Учреждающий момент в истории царства совпал с торжеством республиканского правления, которое и воспринималось книжниками как результат отчаянного положения, и закончилось трагедией, которую читатели и зрители должны были воспринимать как нравоучение о пользе законной монархической власти, верховенстве духовного пастырства и единого закона над разобщенной толпой, возглавляемой временным чужим князем. Из дальнейших появлений народа и других людских множеств на горизонтах летописно-хронографического дискурса редко можно узнать, что именно совершает народ, какие за ним предполагаются функции или хотя бы в чем заключается ритуальное участие с его стороны во время церемонии. Когда кто-то умирает – он плачет и рыдает, криками выражает страдание из‑за утраты (статьи 1472, 1560 гг.). Народ может прийти на благословение к умирающему митрополиту или царице и затем проститься с ними на погребении (статьи 1473, 1560 гг.). Когда Бог обрушивает на страну стихии или врагов, народ молится и постится с покаянием и слезами (статьи 1518, 1521 гг.). Когда встречают и провожают иконы, народ радуется или сооружает посвятительный храм (1518, 1519, 1558 гг.). Народ является в видении и движется навстречу святому Сергию Радонежскому, обретая спокойствие и уверенность в спасении от крымской угрозы (1521 г.).

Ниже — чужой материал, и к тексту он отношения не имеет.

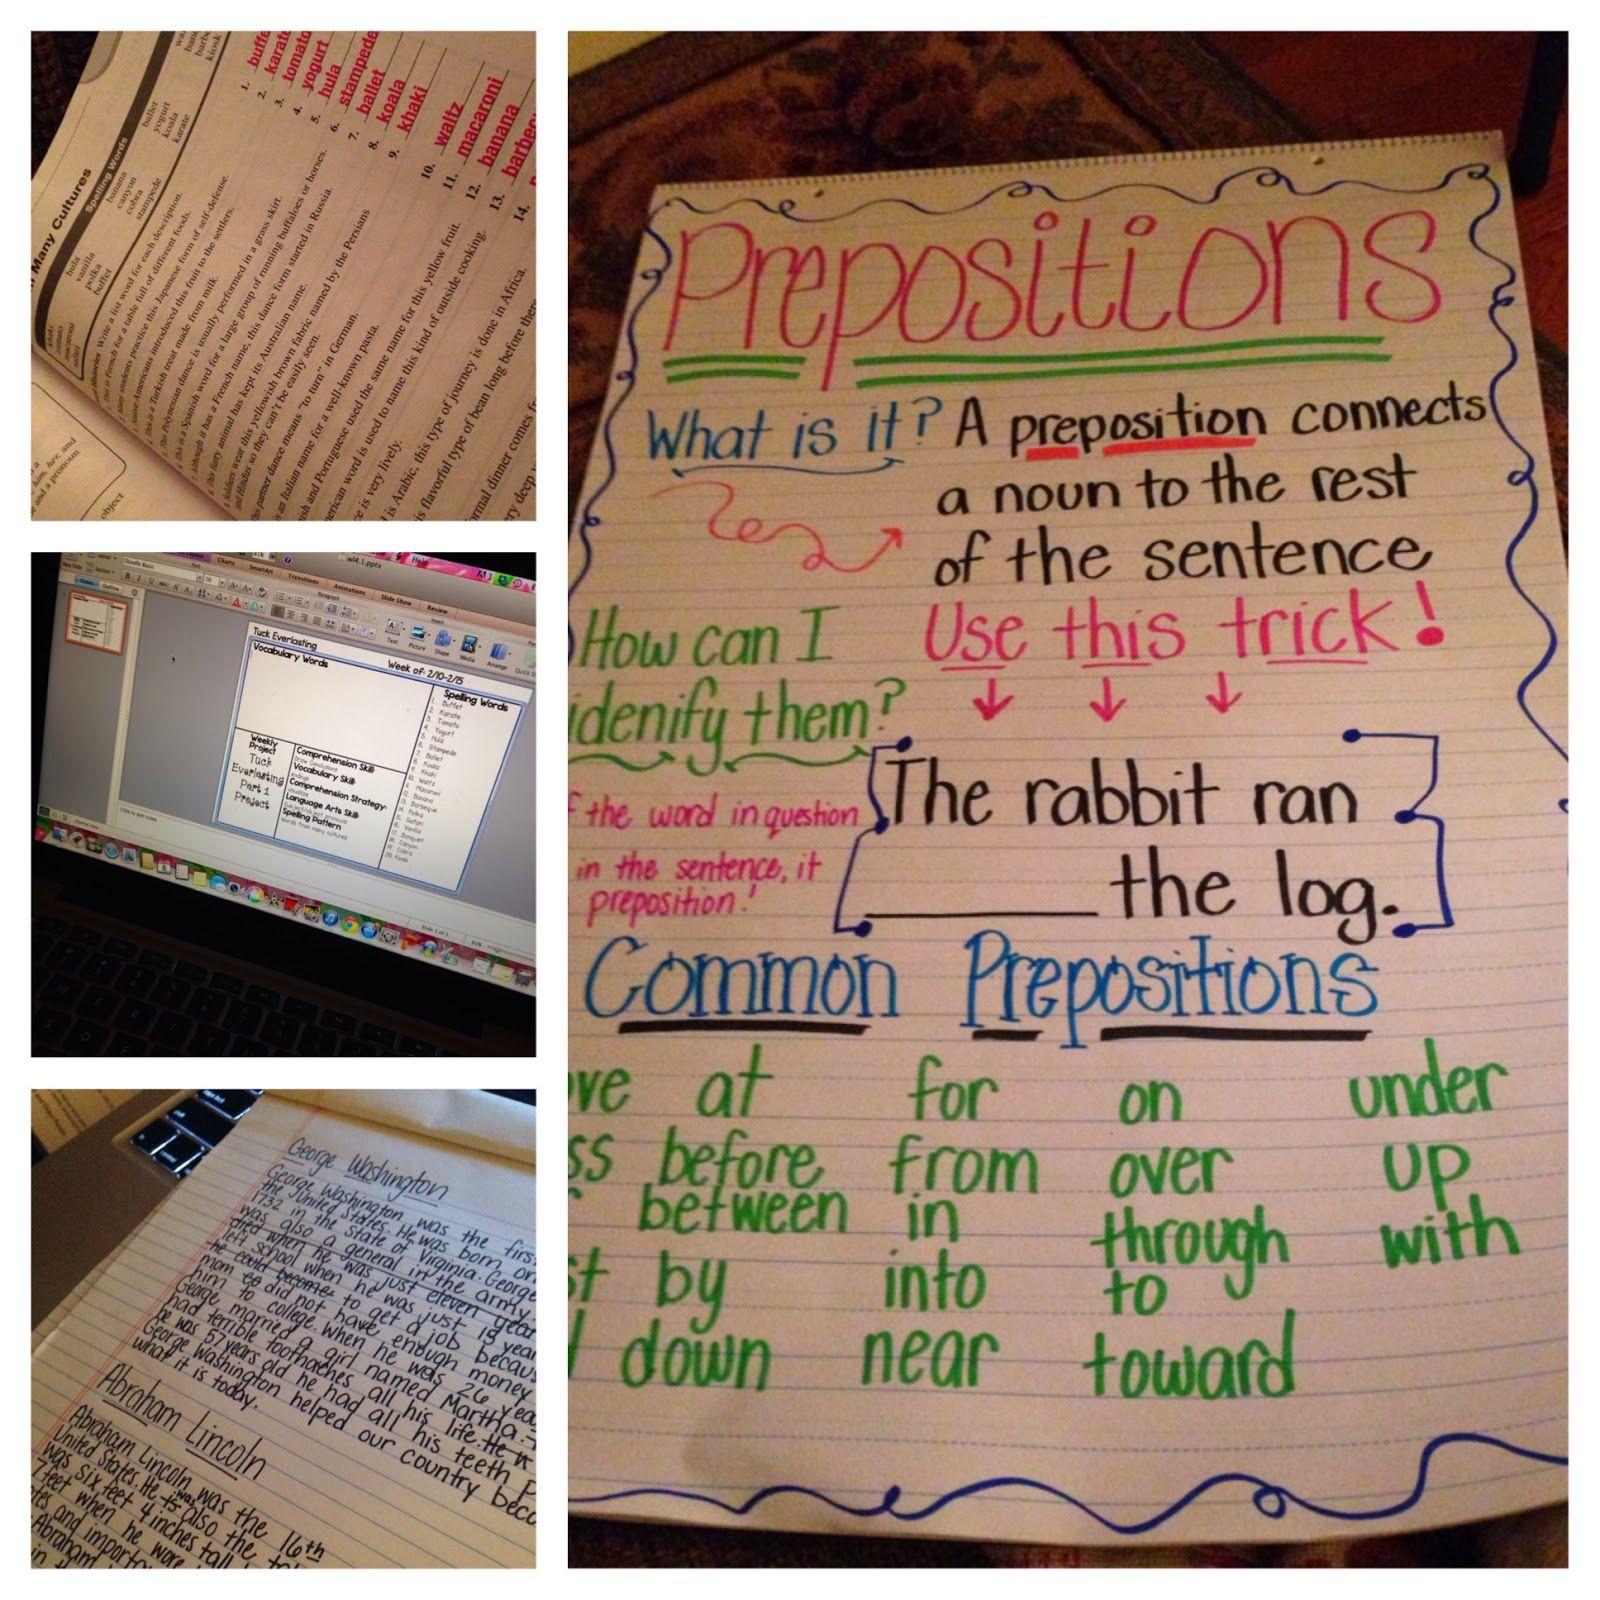 16 Prepositions in 5th grade ideas   prepositions [ 1600 x 1600 Pixel ]
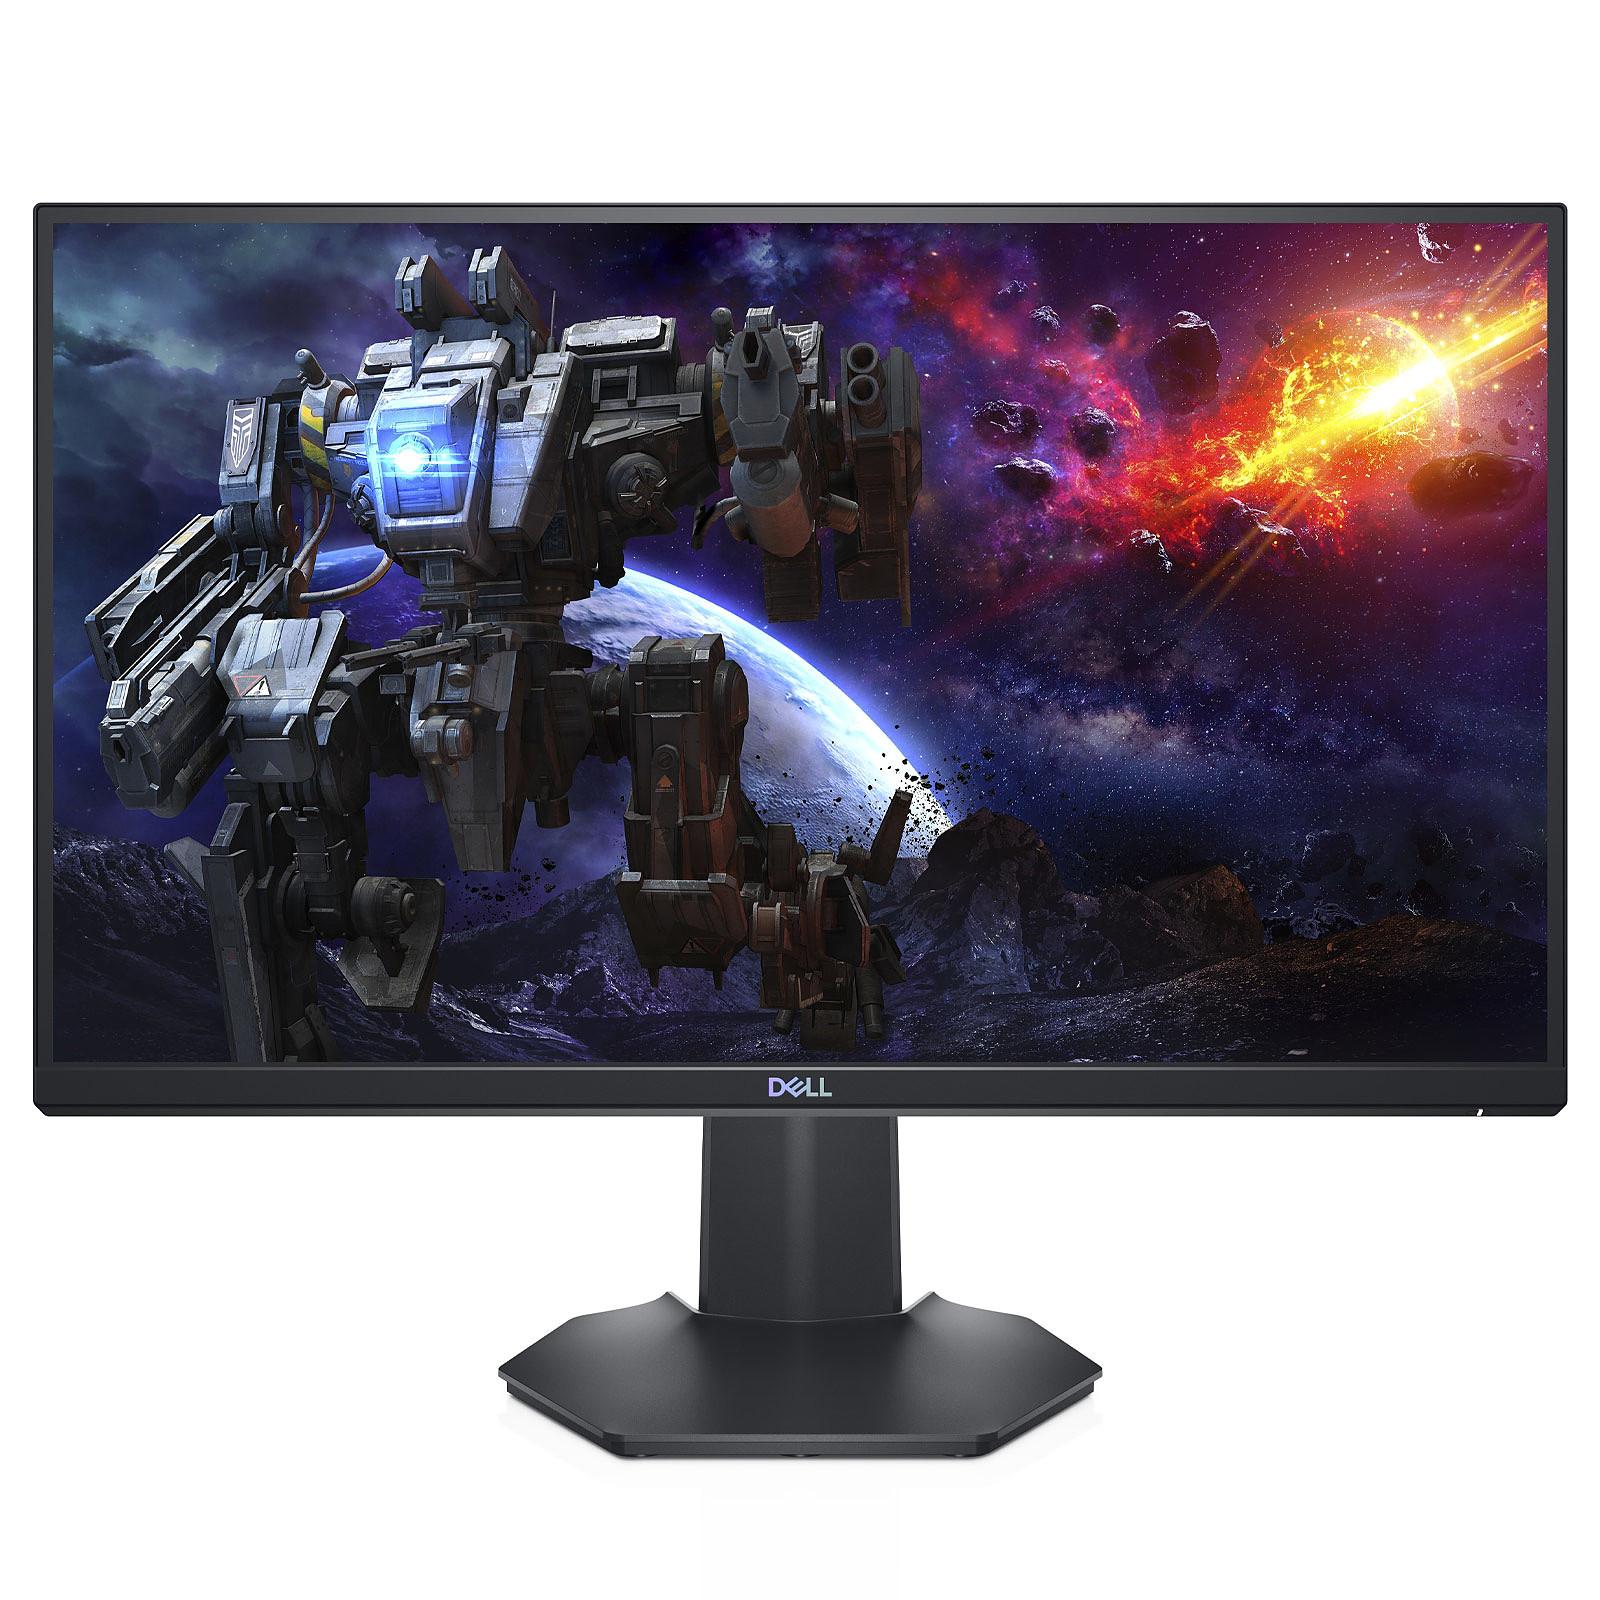 "Ecran PC gamer 24"" Dell S2421HGF - Full HD, 144 Hz, Dalle TN, 1ms, FreeSync / G-sync compatible, Pied Réglable"

Народ не существует в социальном воображении того времени как отвлеченная идея, как понятие о носителе суверенитета или «духа нации». Обособление духовенства от народа на похоронах митрополита Филиппа, как и обособление высшего духовенства от народа на встрече владимирских икон, эфемерно и не основано на какой-либо терминологической системе. Народ в московских текстах XV–XVII вв. является церемониальной общностью одновременно всех московских христиан, христиан всего Русского царства и вообще всех христиан152. Эта идентичность не имеет устойчивого референта. Она актуальна, пока актуально собрание христиан на церемонии – во время процессии, на торжественном собрании, во время венчания на царство. Она не призвана различать христиан между собой и обычно встречается в чиновных рядах как обобщающая категория, в которую попадают все, кому не нашлось места среди духовенства, великих князей, бояр, князей, детей боярских, вельмож, гостей и купцов и т. д. При любом сокращении чиновных рядов эти и подобные им высшие классы вливаются в «народ» и при этом ничего не теряют в престиже или в собственной идентичности153.
Московское православие и его глава, митрополит автокефальной церкви, были объединяющей силой для народа. До Брестской унии это не мешало признавать родственный статус церковной иерархии и православной доктрины Речи Посполитой. Однако на практике мы не обнаружим источников, которые свидетельствовали бы о том, что официальное московское православие распространяло категорию народ на паству польско-литовской православной церкви. В 1550‑е гг. в Москве проводились гонения на еретиков, которым вменялось в вину, в числе прочего, признание равенства людей перед Богом. Собор 1553 г. вменял Феодосию Косому в вину проповедь равенства «языков» перед Богом, что, видимо, означало равенство конфессий, признающих единобожие: «Вси людие едино суть у Бога: и татарове, и немцы, и прочие языци»154. Данное учение нарушало идею единственного богоизбранного «народа», каковым в российской церковной доктрине того времени были православные московской митрополии155.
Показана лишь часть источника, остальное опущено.